WORK ORDER
Below are the records; give again exactly the lines from the one containing "Pet health savings accounts" through the one containing "Brother TN730 Toner Cartridge - Black", leaving out pictures.

INFORMATION GIVEN

--------

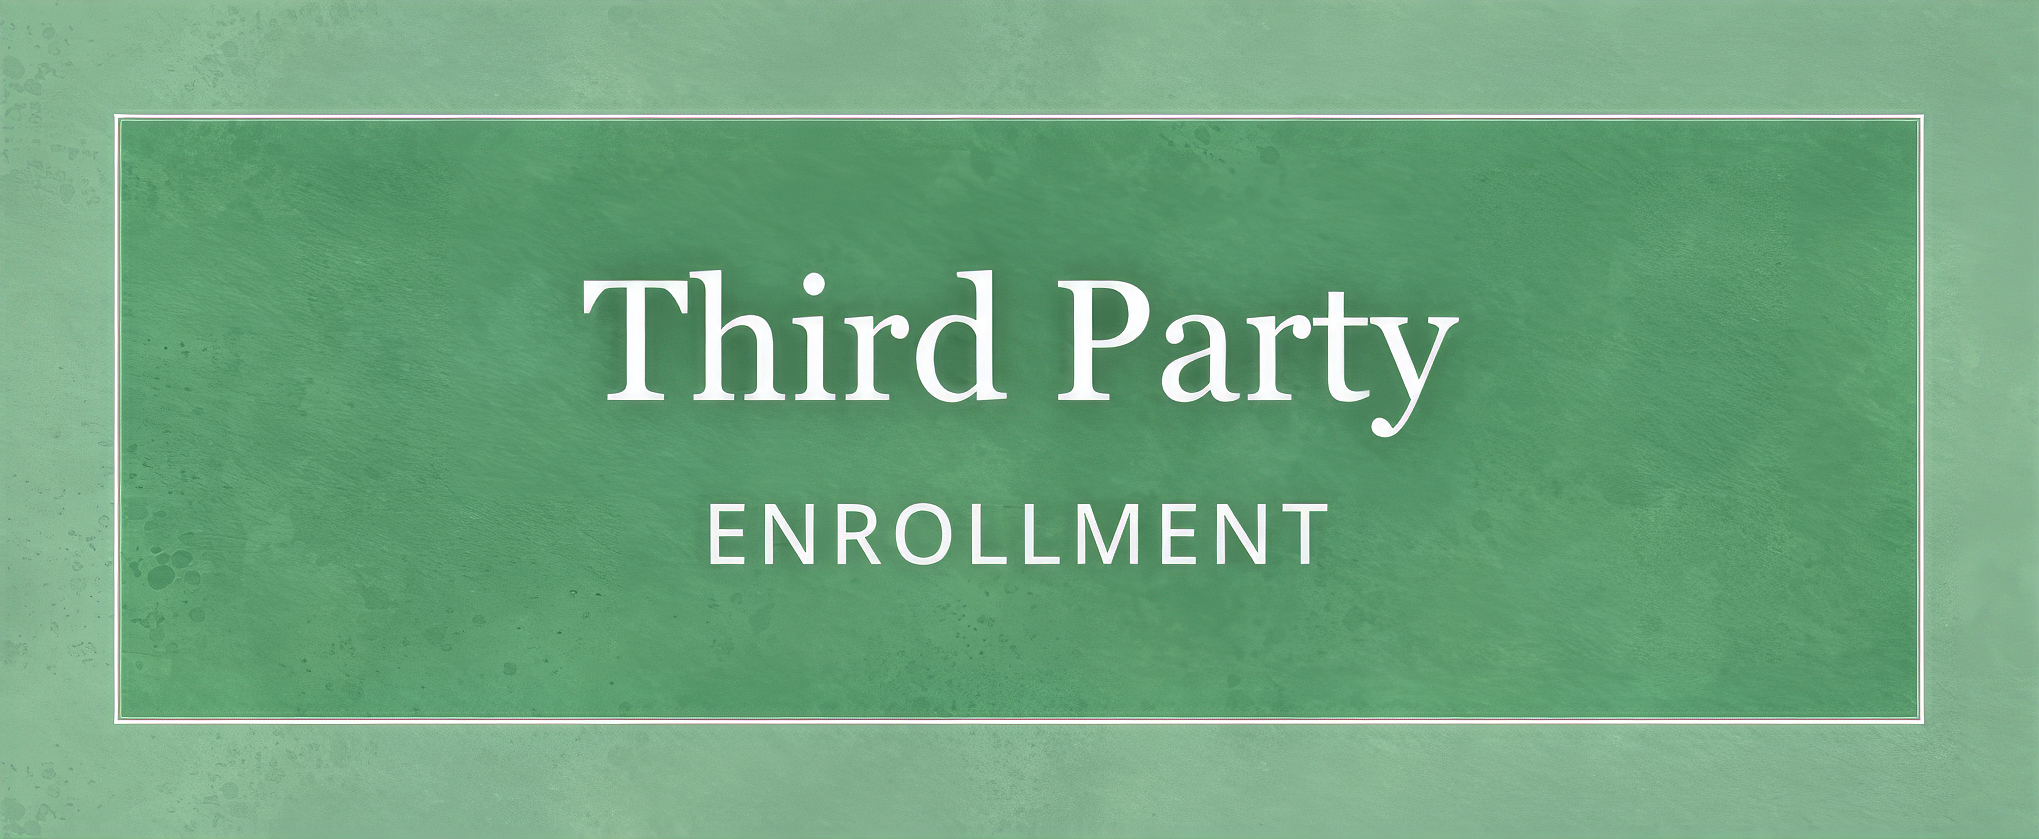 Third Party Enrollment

--------

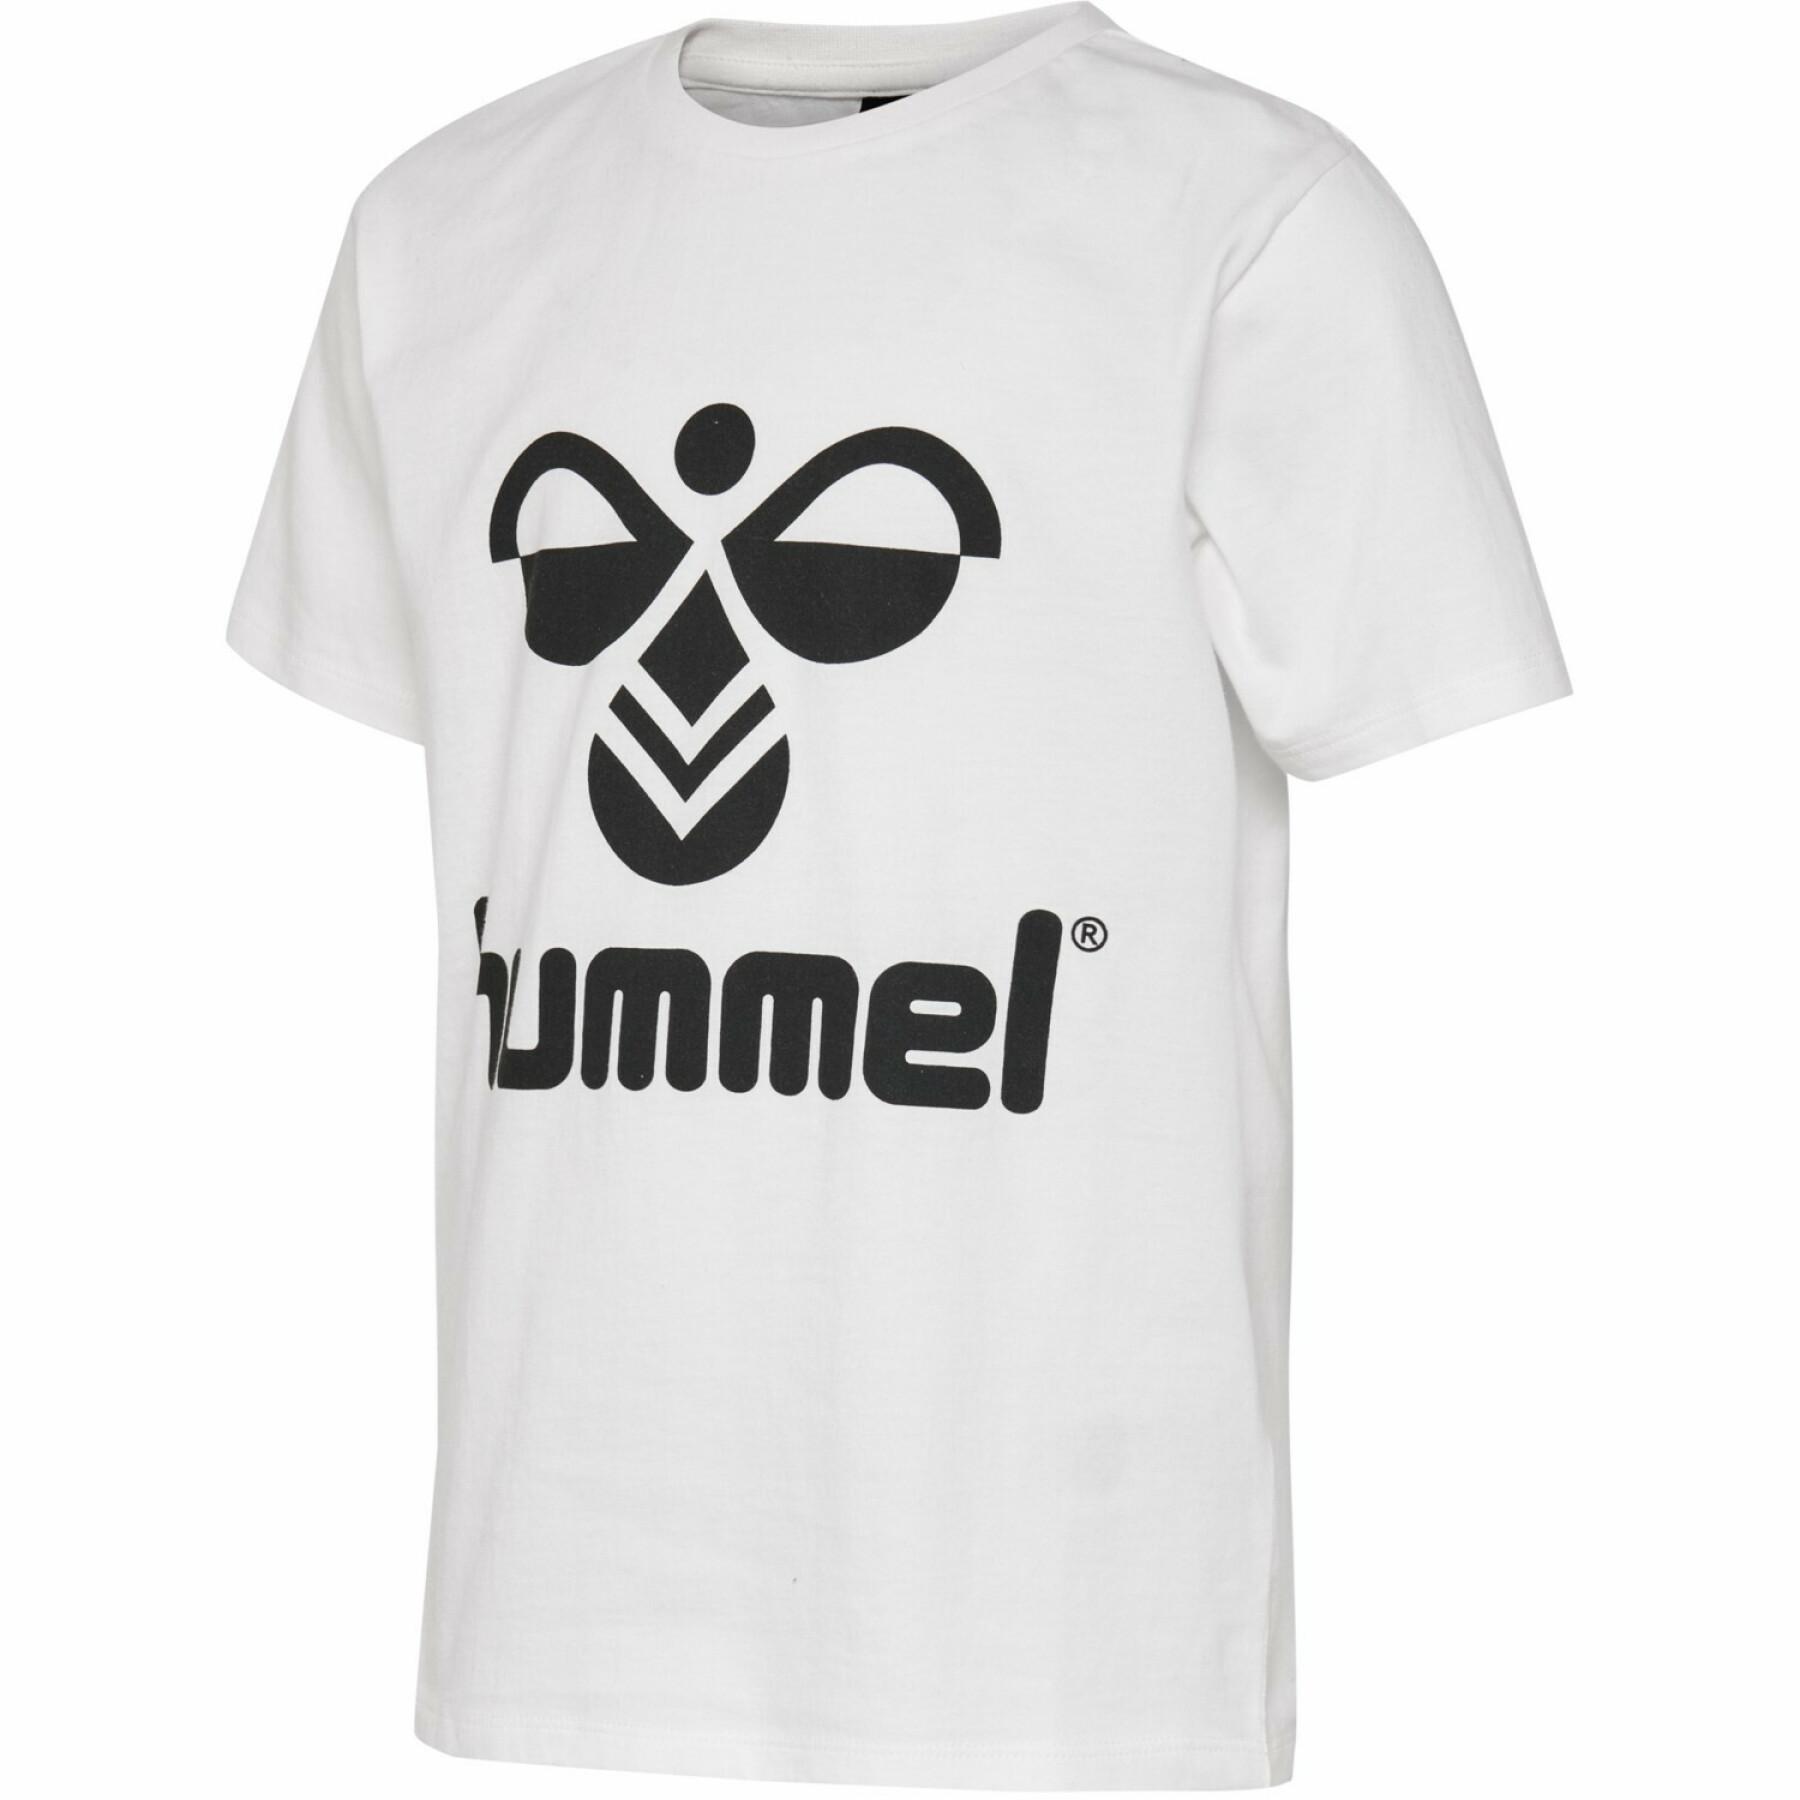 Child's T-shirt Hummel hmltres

--------

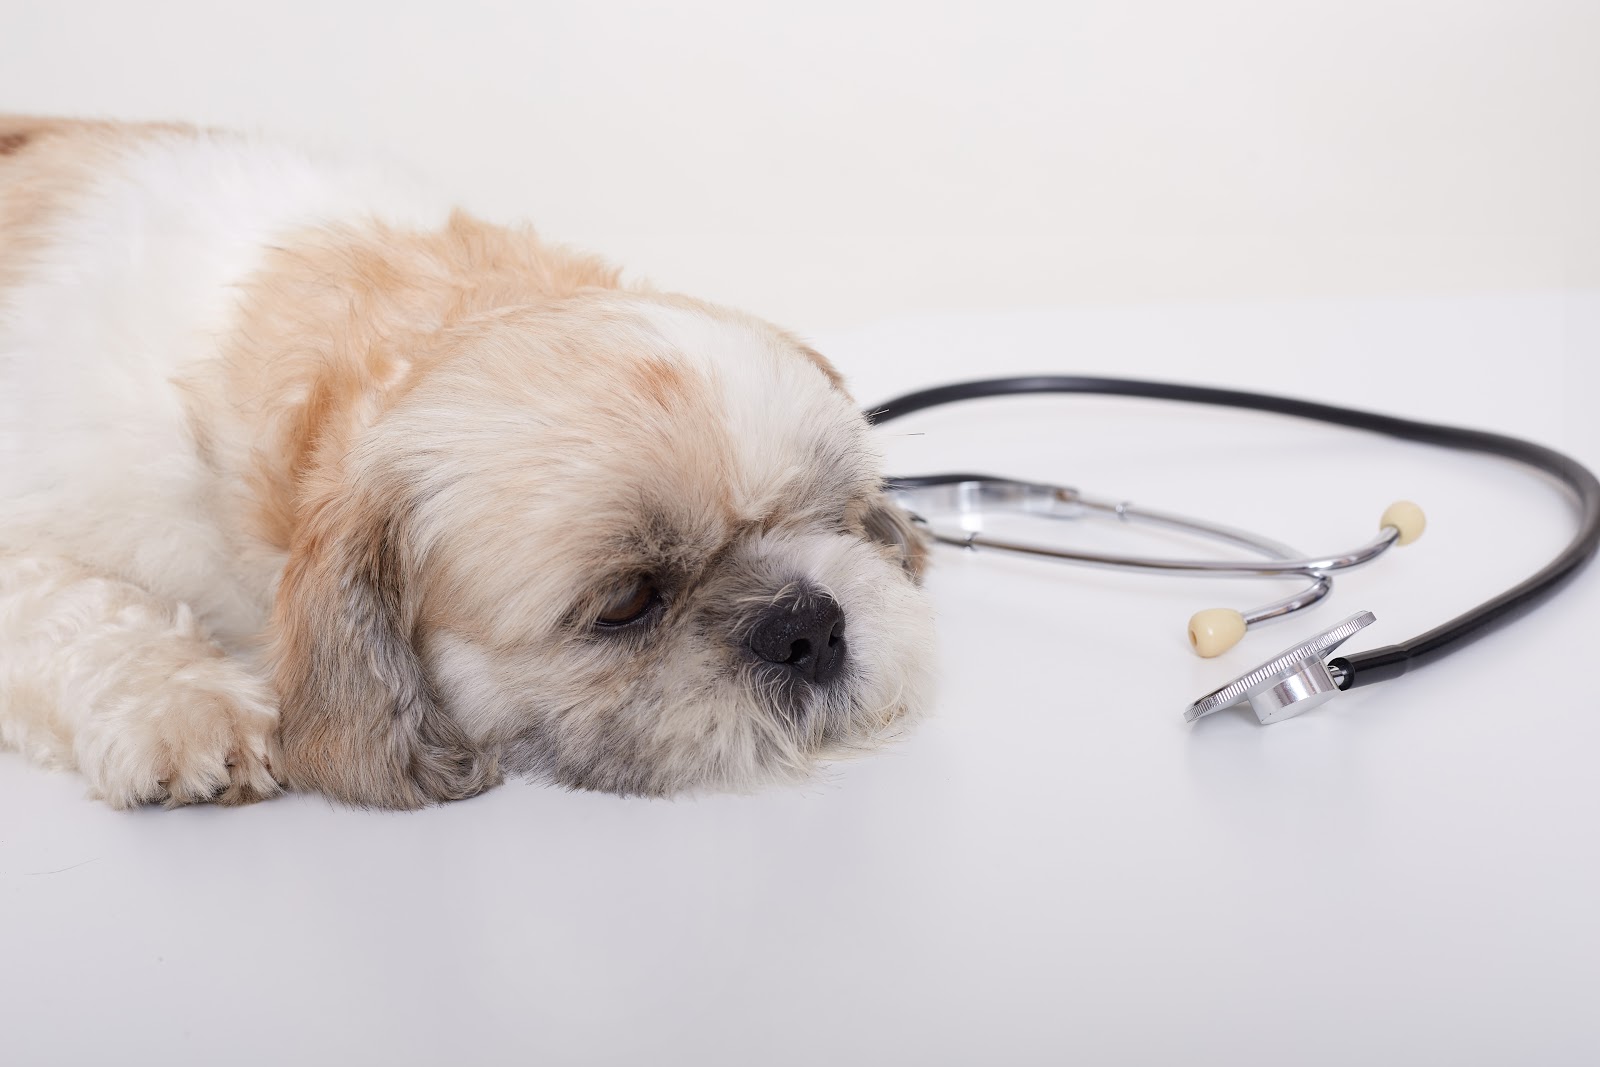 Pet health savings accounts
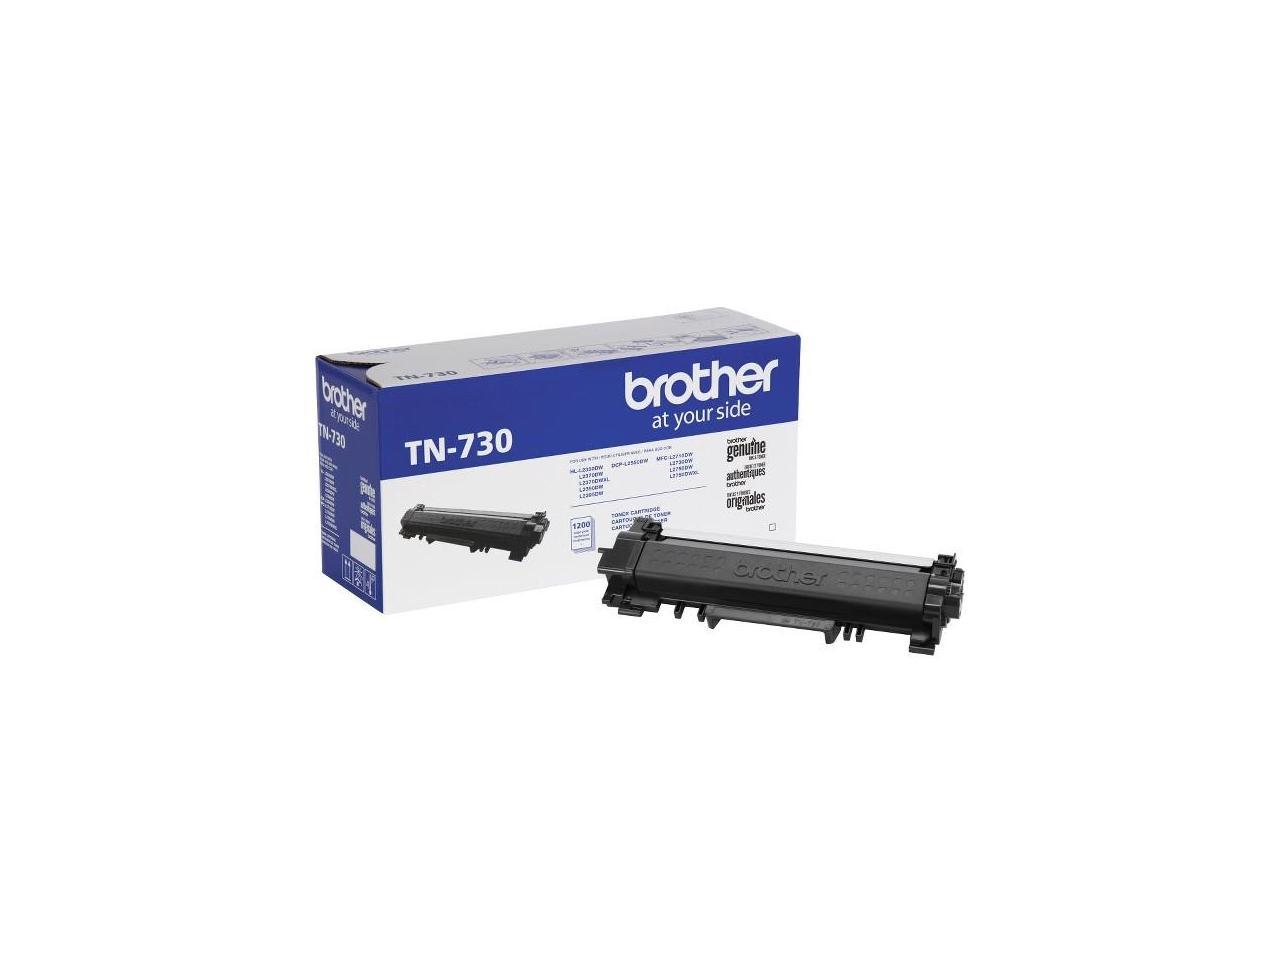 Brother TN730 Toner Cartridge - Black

--------

YOUR RESPONSE
 Pet health savings accounts
 Brother TN730 Toner Cartridge - Black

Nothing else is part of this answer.